Szczególnym zainteresowaniem cieszyły się zajęcia w

drugi poniedziałek ferii. Zebrało się tam co najmniej osiem osób;

które chciały się czegoś nauczyć, bądź poprawić lub napisać

zaległy test.

Basia Zatorska

„Pan Tadeusz” czyli ostatnie spotkanie gimnazjalistów z arcydziełem... W zeszłym tygodniu, kilka lekcji języka polskiego w klasie II gimnazjum wyglądało

niecodziennie. Uczniowie, zamiast omawiania "Pana Tadeusza" czy rozwiązywania zadań

gramatycznych lub też ortograficznych, przedstawiali wybrane scenki ze słynnego eposu Mickiewicza.

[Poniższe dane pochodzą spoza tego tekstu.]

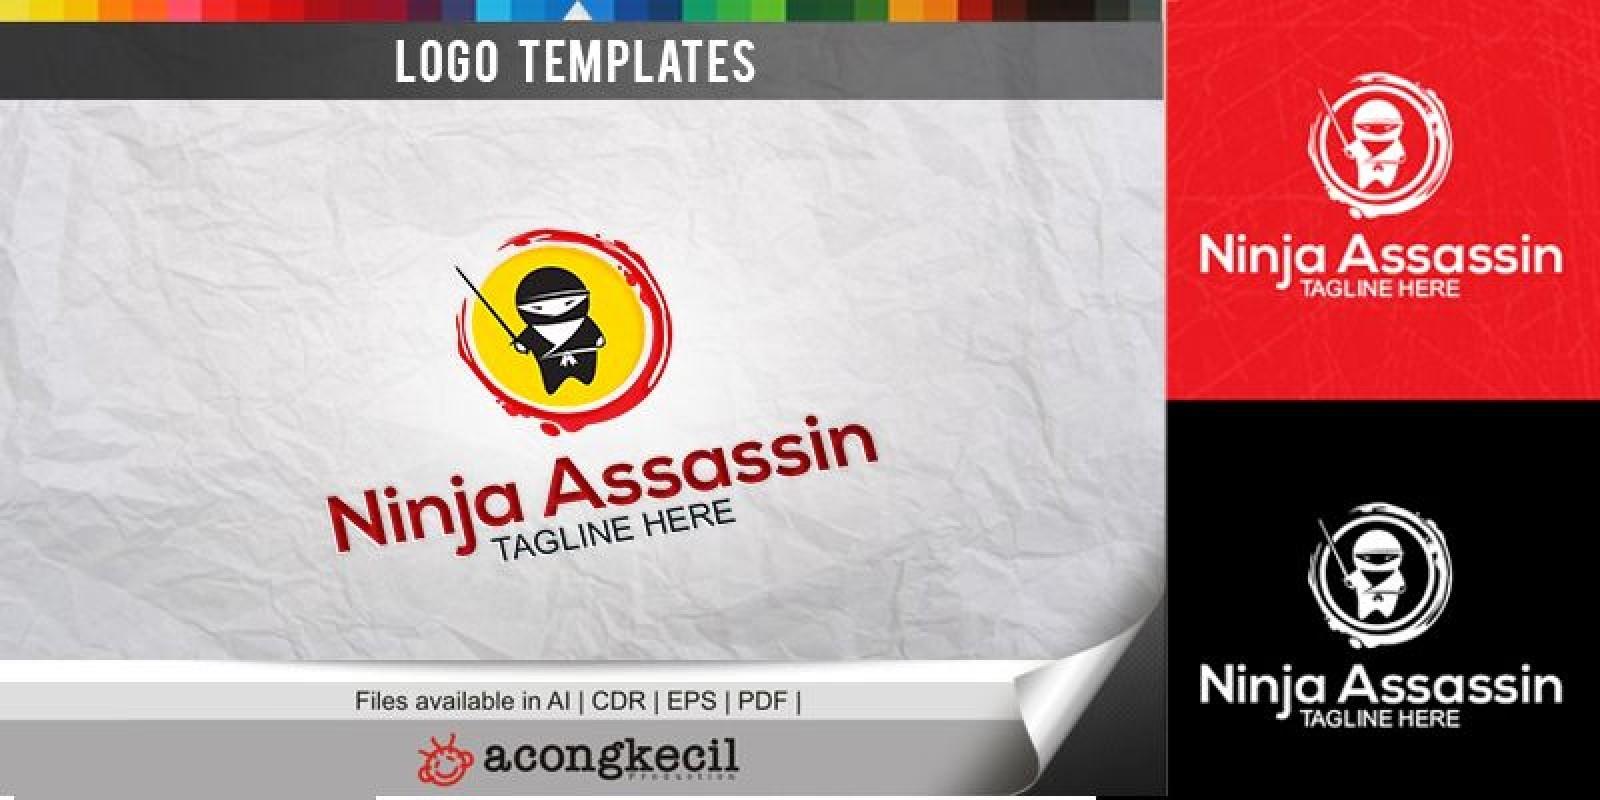 Ninja Assassin - Logo Template

Był to oczywiście pomysł nauczycielki języka polskiego, pani Teresy Rybki, która dość miała dukania i

jęków swoich uczniów.

Pierwszego dnia uczniowie wychodzili na zaimprowizowaną scenę, prezentując fantazyjnie

dobrane stroje przygotowane ze starych szlafroków, firanek i zasłon. Wśród prezentowanych scenek były

m. in. przybycie Hrabiego do zamku Horeszków oraz jego rozmowa z Gerwazym, zabawna przygoda

Telimeny z mrówkami czy spotkanie księdza Robaka w karczmie. Ta ostatnia, przygotowana przez

Marcela, wypadła najlepiej. Uczeń ten przygotował sobie świetny strój, składający się z odpowiednio

okrojonego brązowego prześcieradła, zabranego podstępnie swoim rodzicom, świetnie udającego habit.

Nasz kolega nie zapomniał także o rekwizytach, takich jak tabakierka, którą wykonał samodzielnie, nie

pomijając detali takich jak ilustracja przedstawiająca Napoleona. Znał też swoją kwestię na pamięć.

Dobrze zaprezentowali się też Kamil, Maciek i Jasiek, którzy tak autentycznie kichali, że nasza

polonistka sprawdziła zawartość pudełka, które oczywiście okazało się puste. Gorzej wypadły pozostałe

scenki. Zmorą okazały się nieadekwatne stroje oraz gra aktorska, która była chwilami tak komiczna, że

wypaczyła charakter utworu, nadając scenkom charakter parodystyczny.

Drugiego dnia klasa przygotowała inscenizację XII księgi „Pana Tadeusza”. Niestety,

skromne wyposażenie naszej kuchni pożyczone do spektaklu nie oddawało w pełni przepychu stołów w

Soplicowie. Ale od czego wyobraźnia, chociaż byli tez zawiedzeni, którym marzył się słynny rosół z

perłami. Zabrakło też poloneza z figurami. Ten, który zaprezentowała klasa, był bardziej niż skromny.

Przedstawienie spotkało się z umiarkowaną pochwałą wyrażoną klasycznie- piątkami.